• **Data segment**:

--

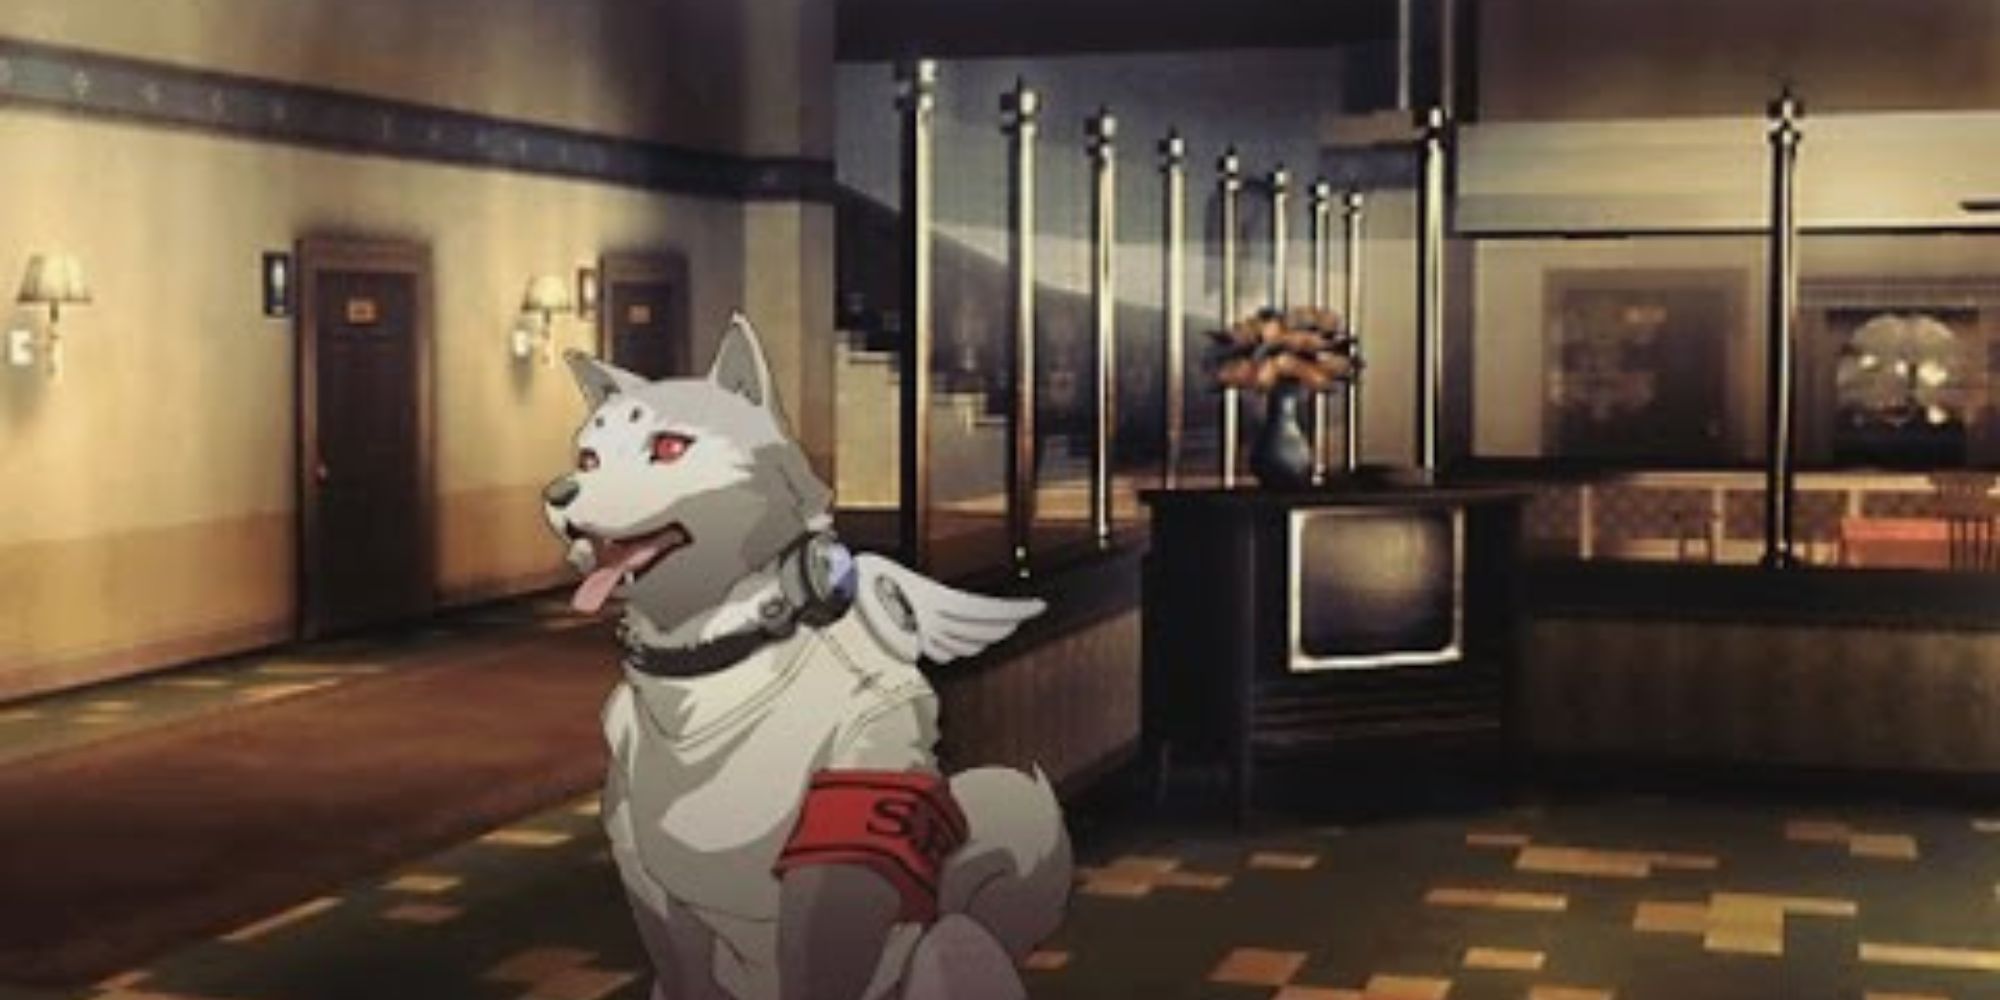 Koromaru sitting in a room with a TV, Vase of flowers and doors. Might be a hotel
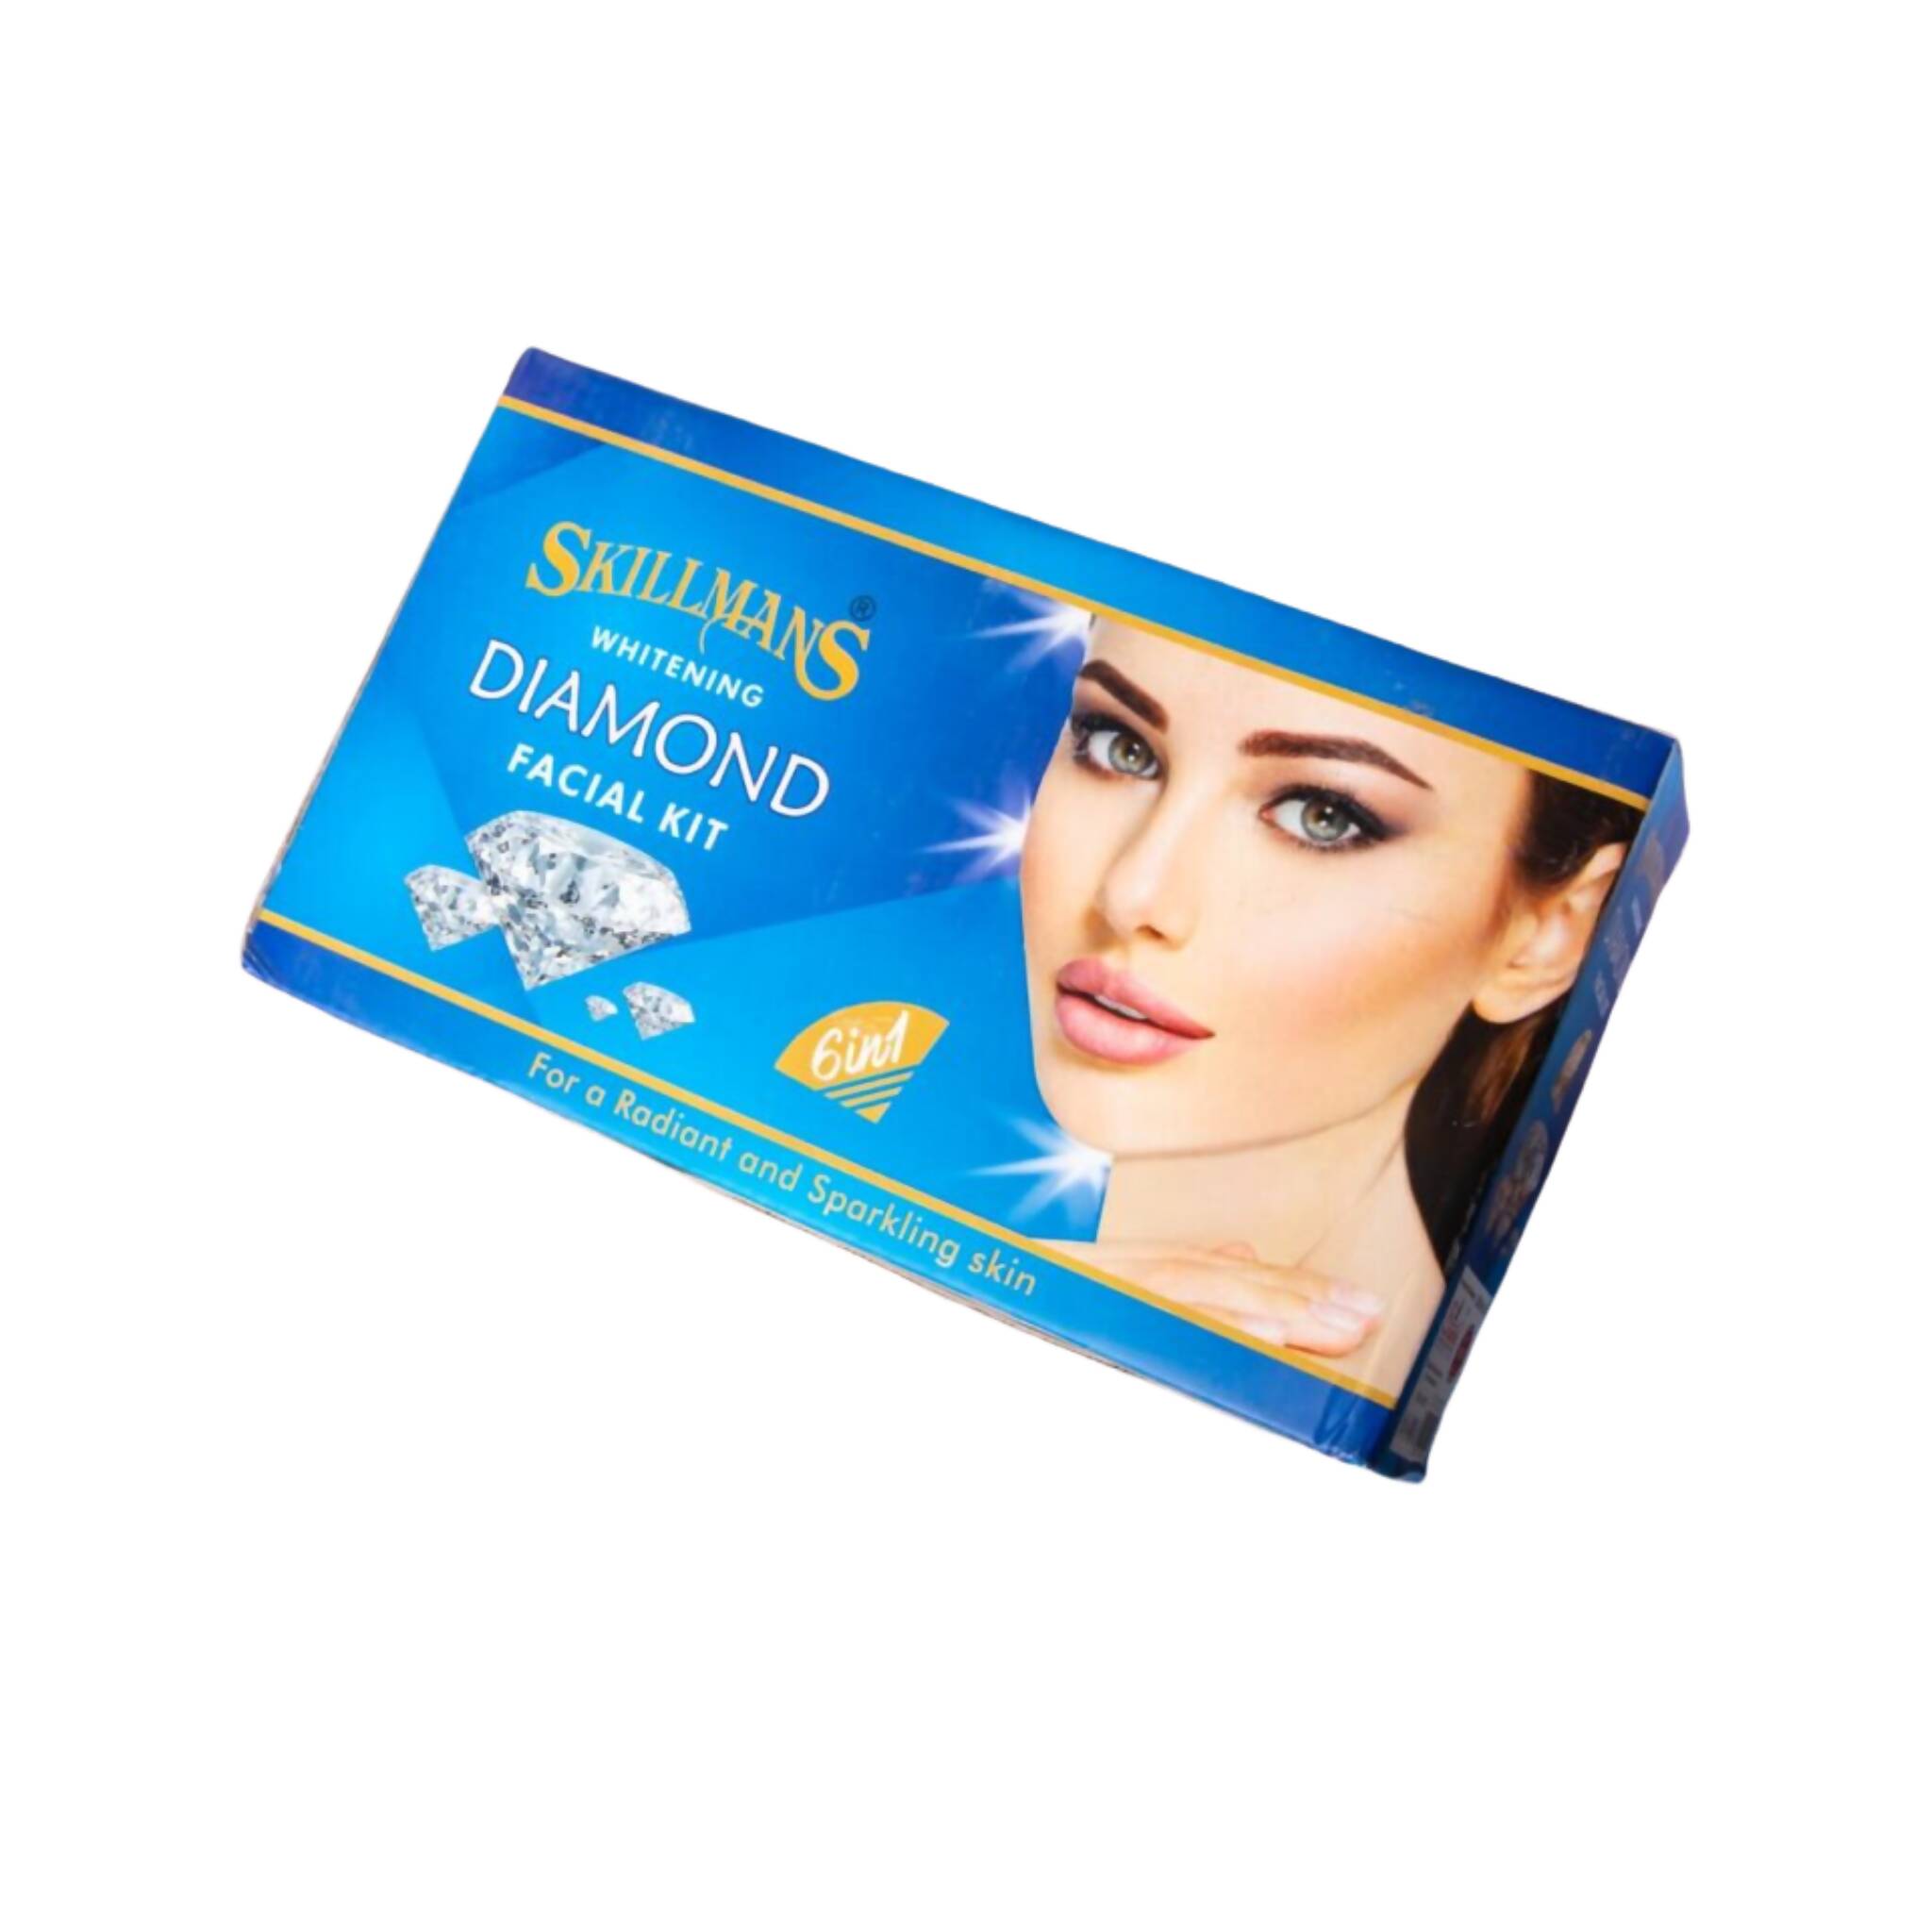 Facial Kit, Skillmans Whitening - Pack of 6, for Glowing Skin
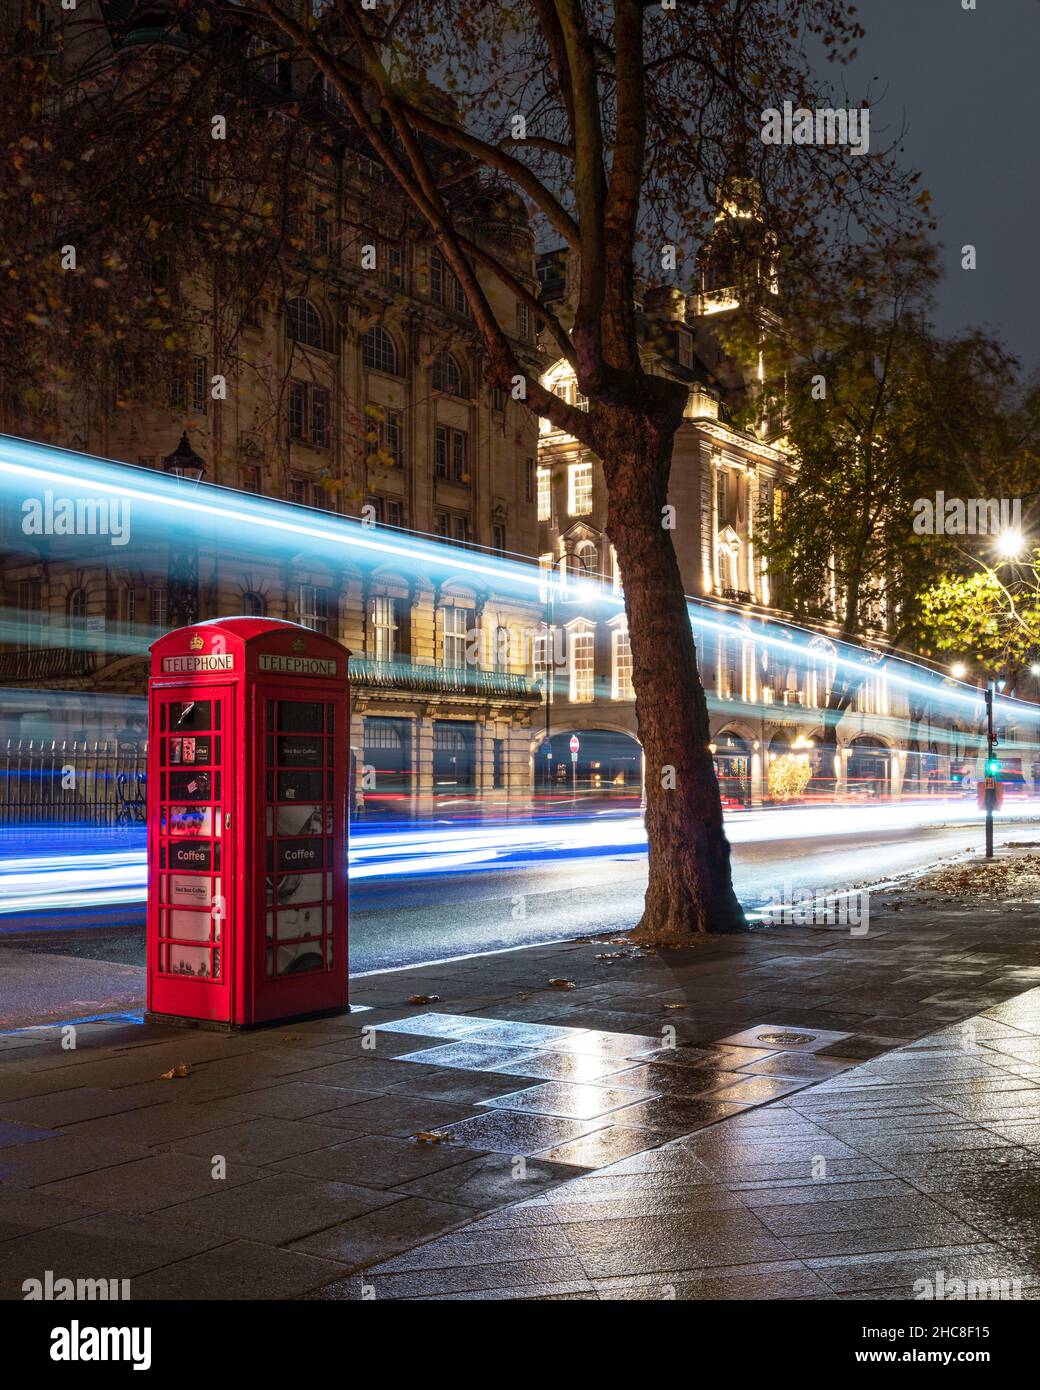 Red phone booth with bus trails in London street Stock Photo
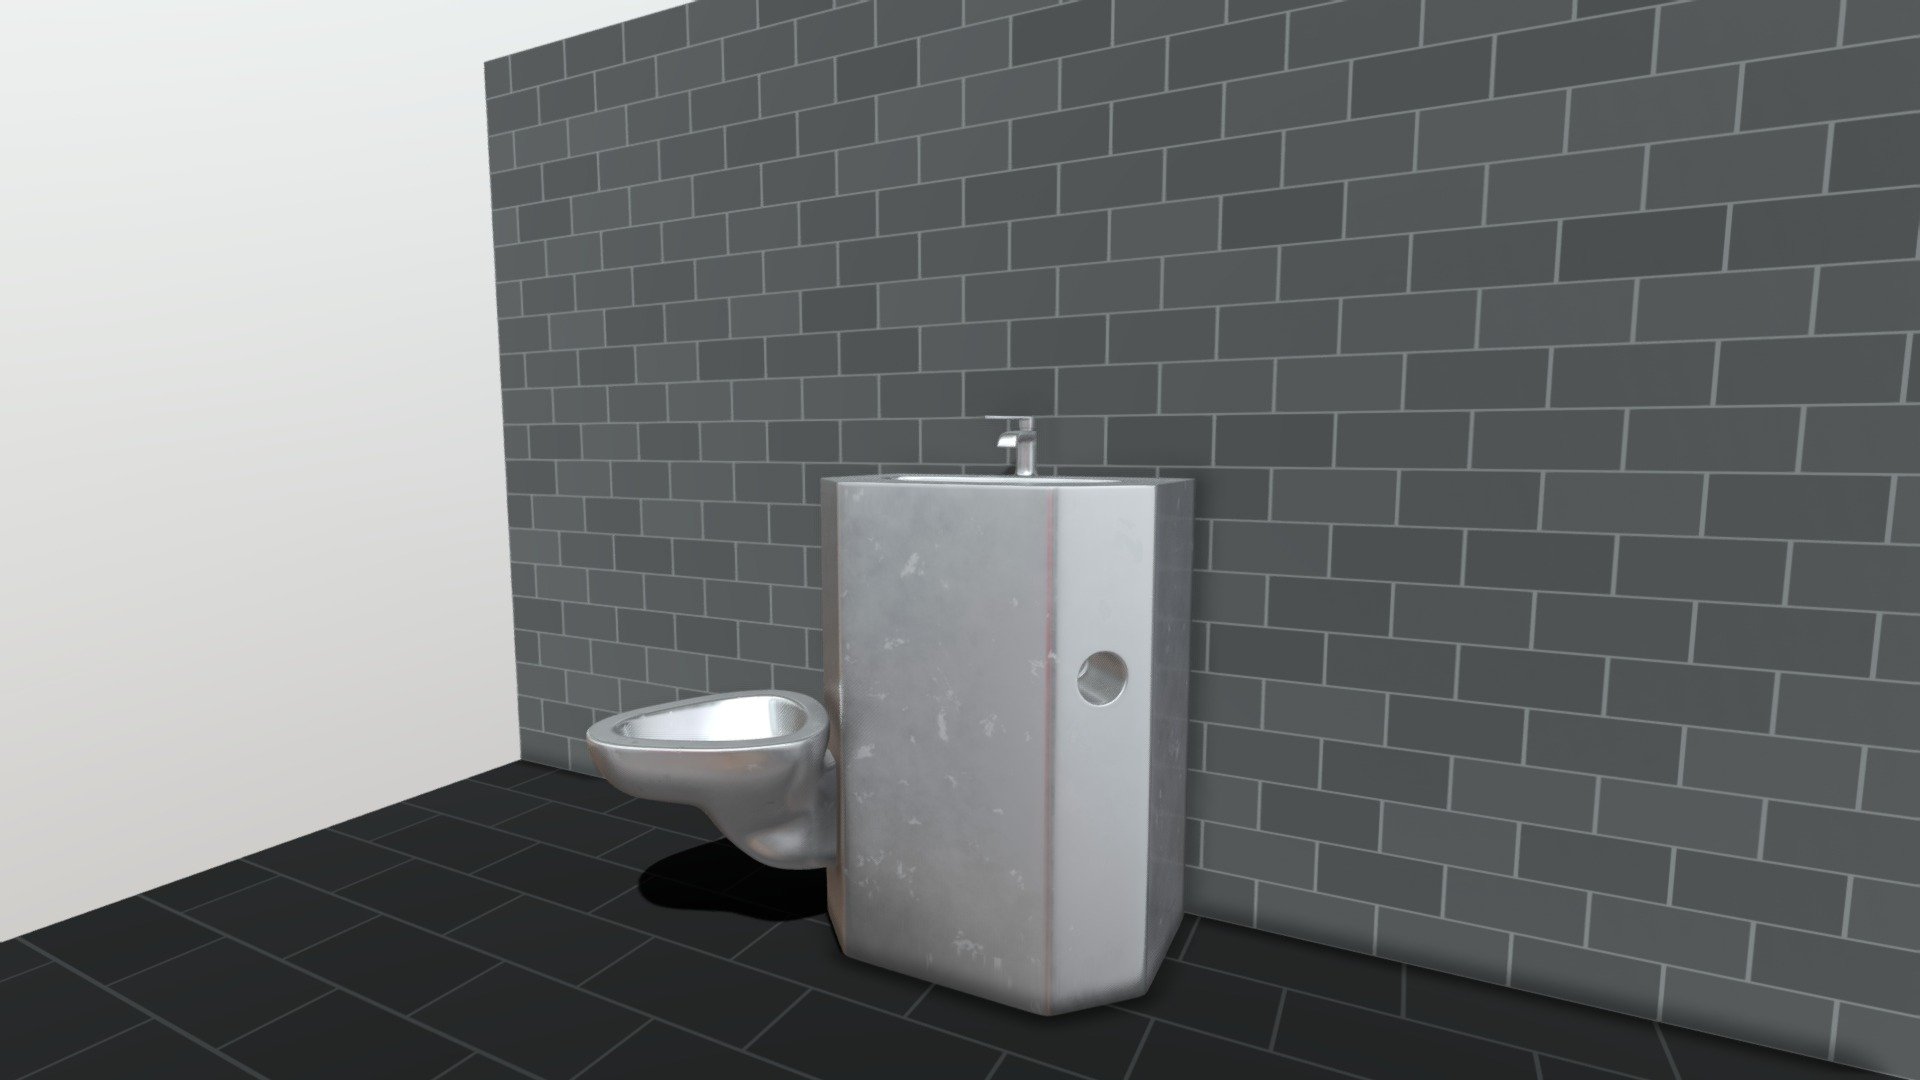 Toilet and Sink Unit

--

• **Problem to work on**: Print all of the data exactly, and do not carry over any pictures.

• **Task answer**:
 Koromaru sitting in a room with a TV, Vase of flowers and doors. Might be a hotel
 Facial Kit, Skillmans Whitening - Pack of 6, for Glowing Skin
 Red phone booth with bus trails in London street Stock Photo
 Toilet and Sink Unit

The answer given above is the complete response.